* Required work: Would you repeat each line below exactly, without the pictures?

* Collected data:
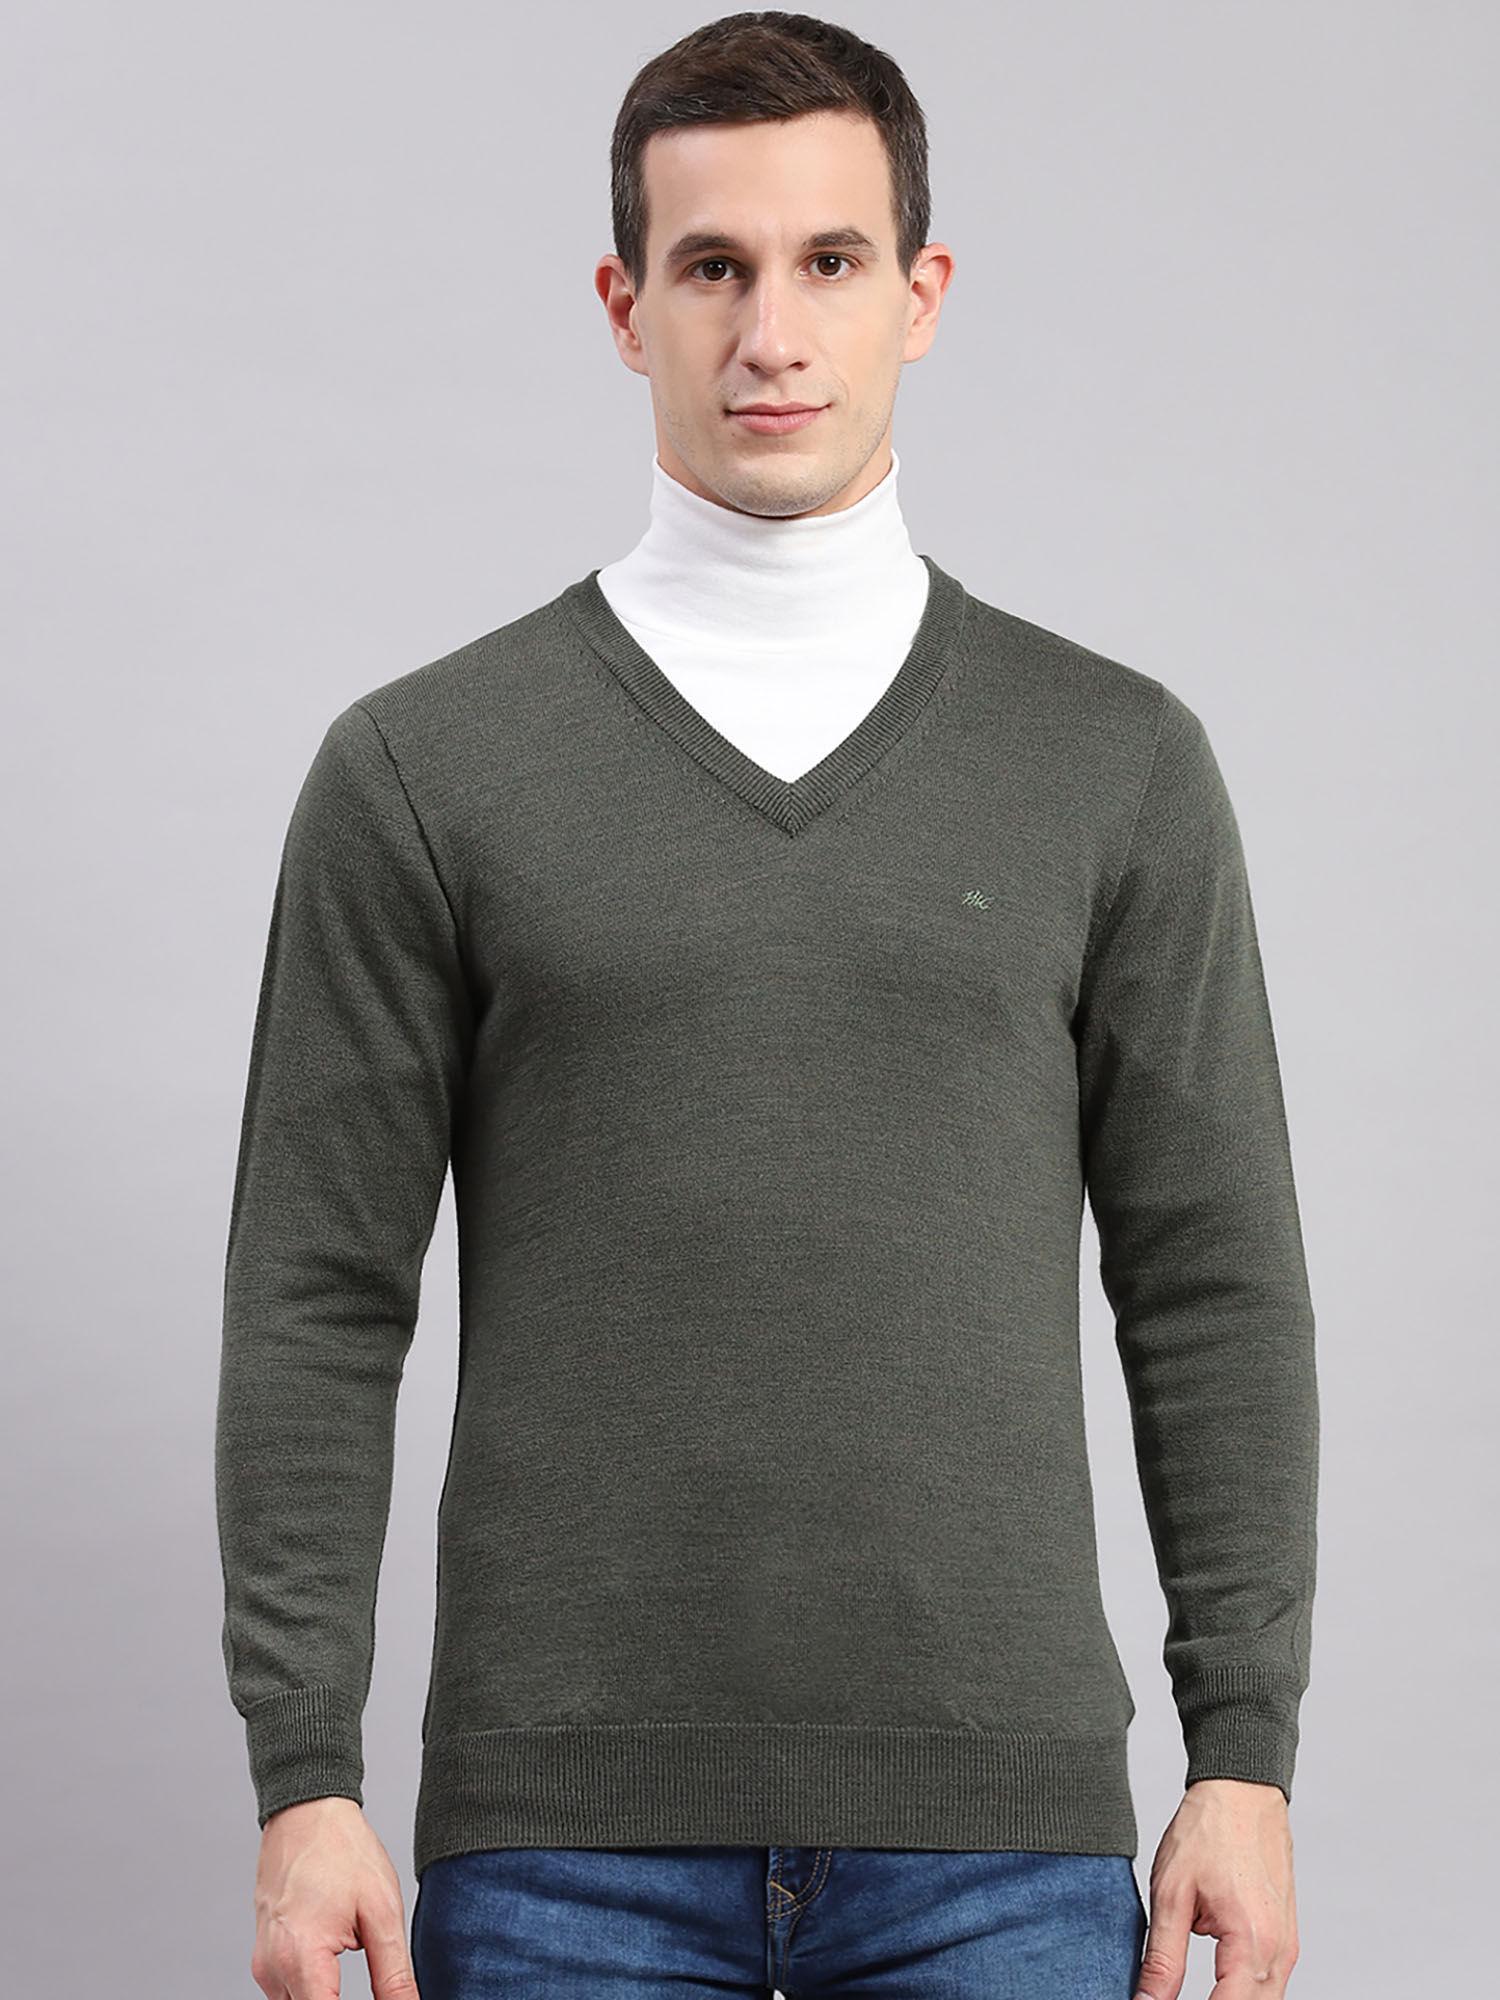 Olive Mix Solid V Neck Sweater
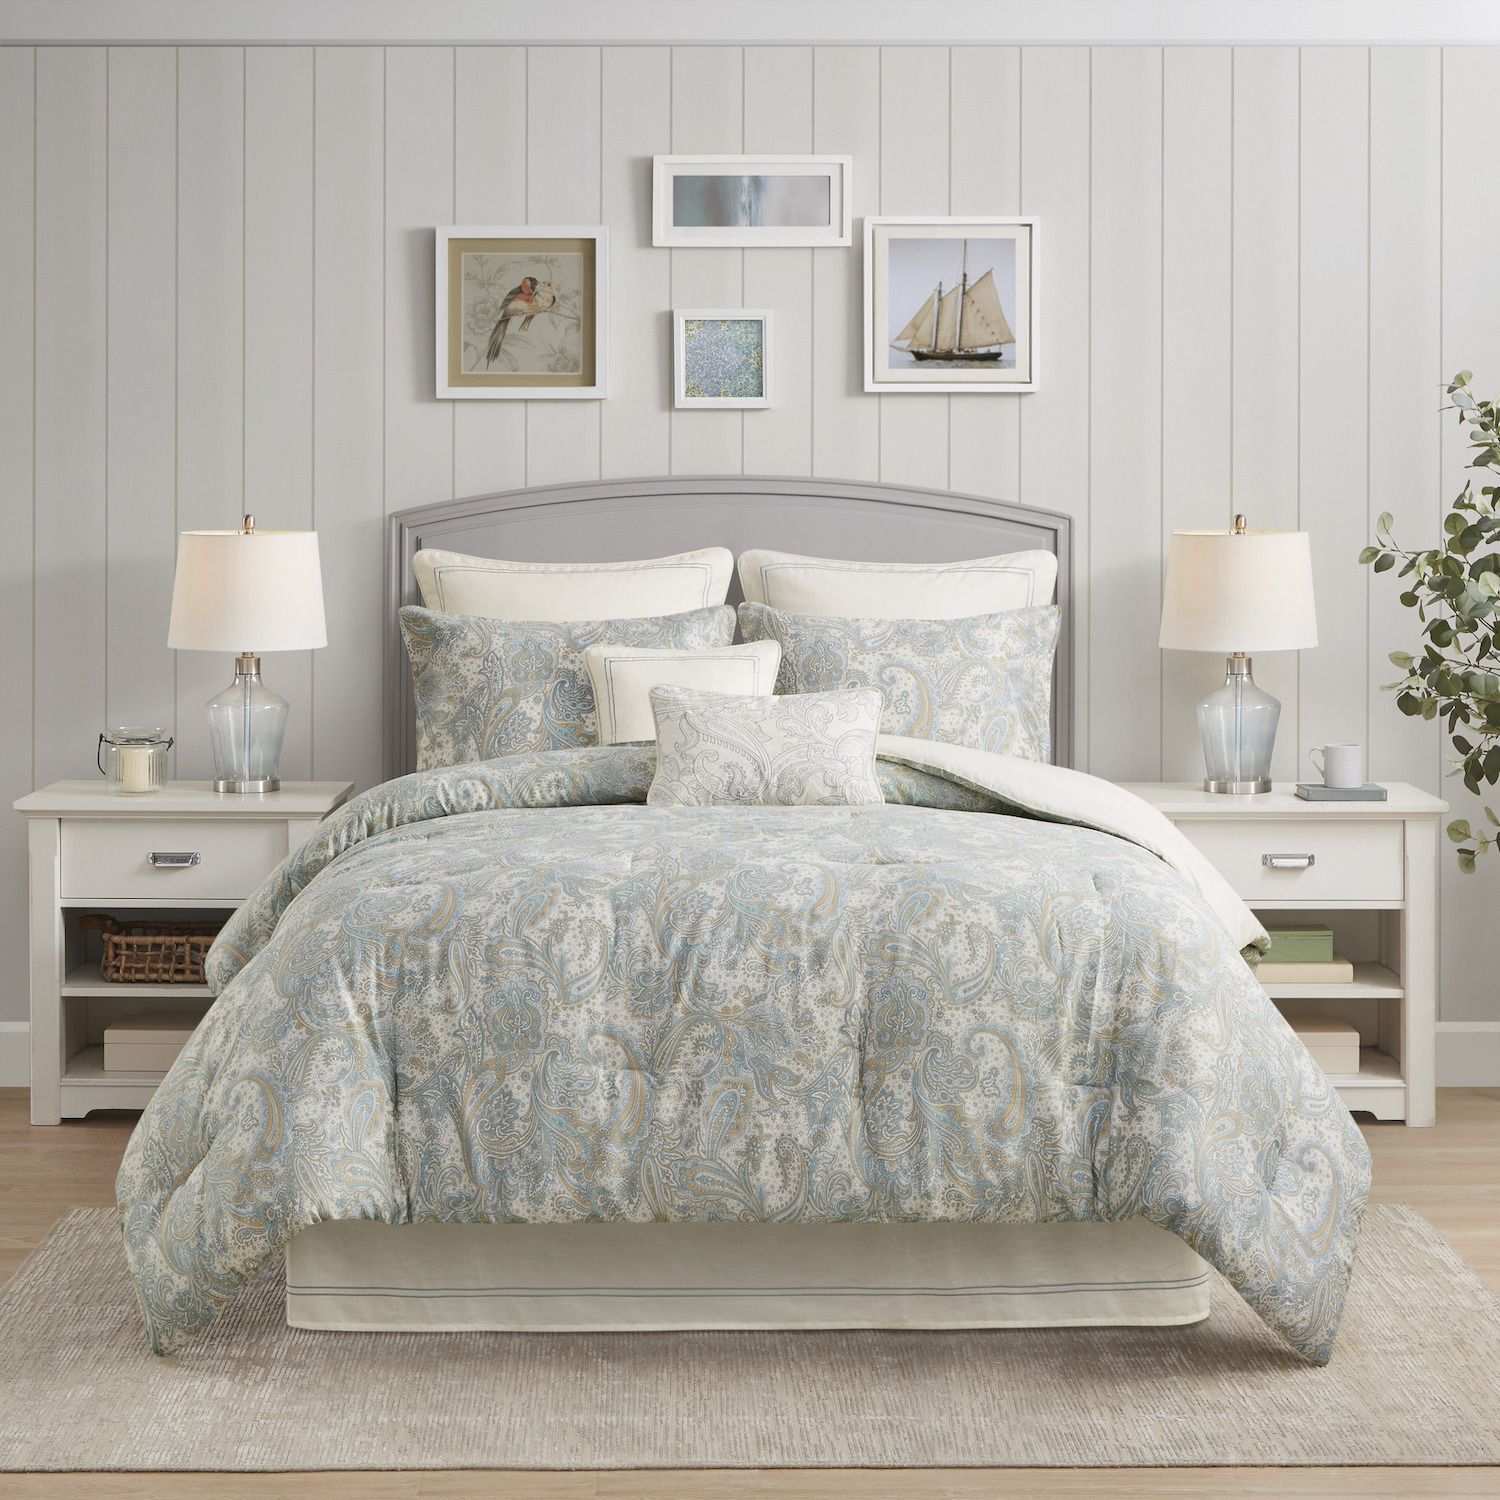 Image for Harbor House Chelsea Comforter Set at Kohl's.
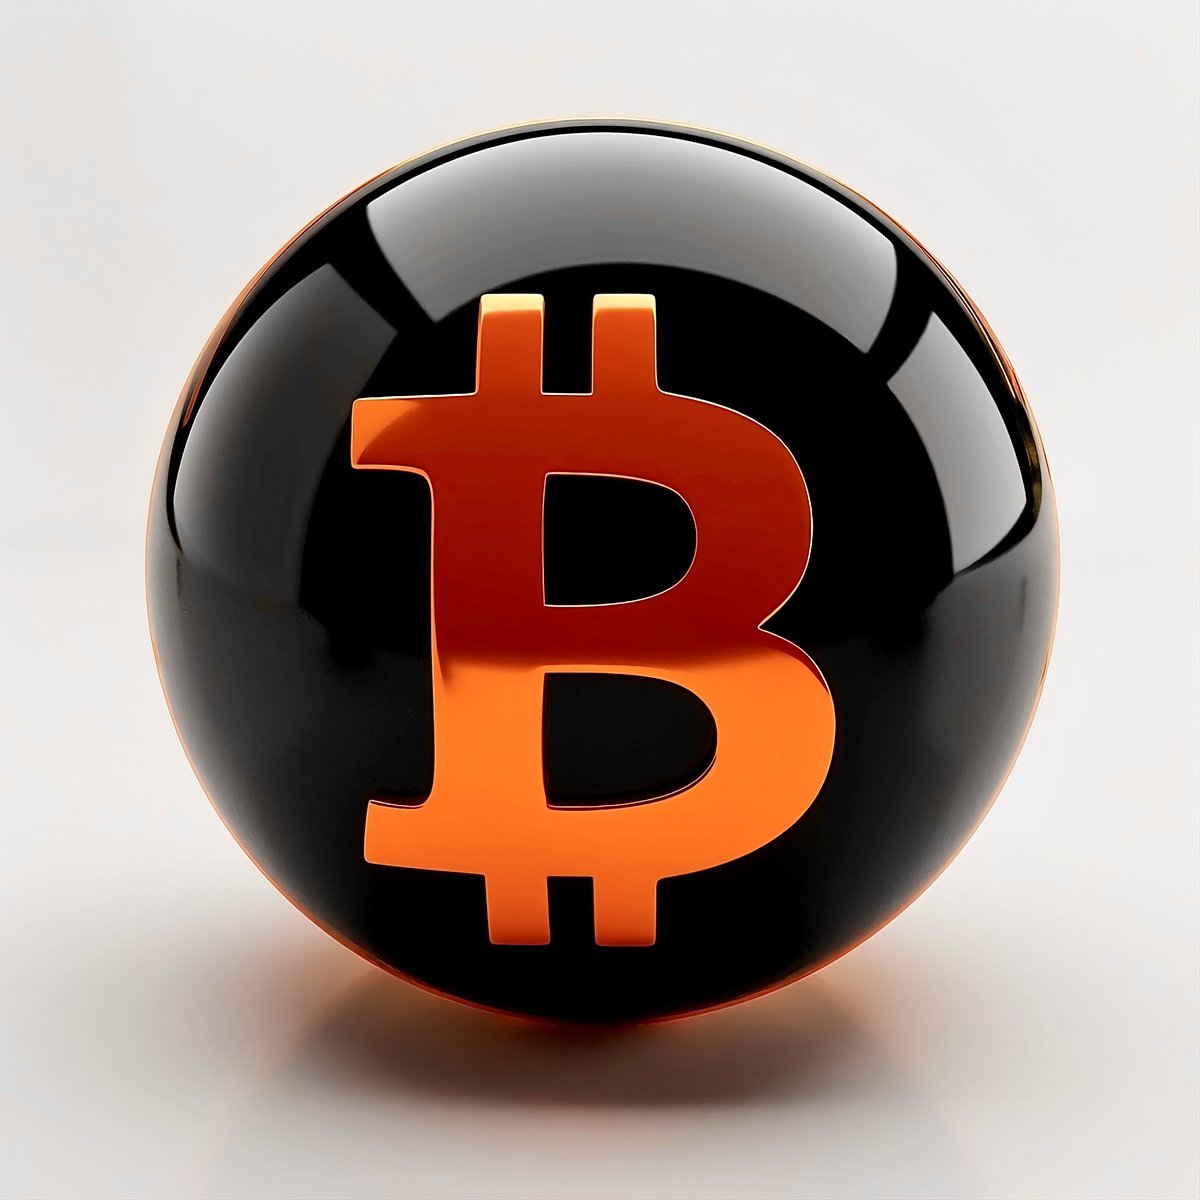 Don't loose focus, don't loose the ball #bitcoin #HODL

* Expected output:
 Olive Mix Solid V Neck Sweater
 Image for Harbor House Chelsea Comforter Set at Kohl's.
 Don't loose focus, don't loose the ball #bitcoin #HODL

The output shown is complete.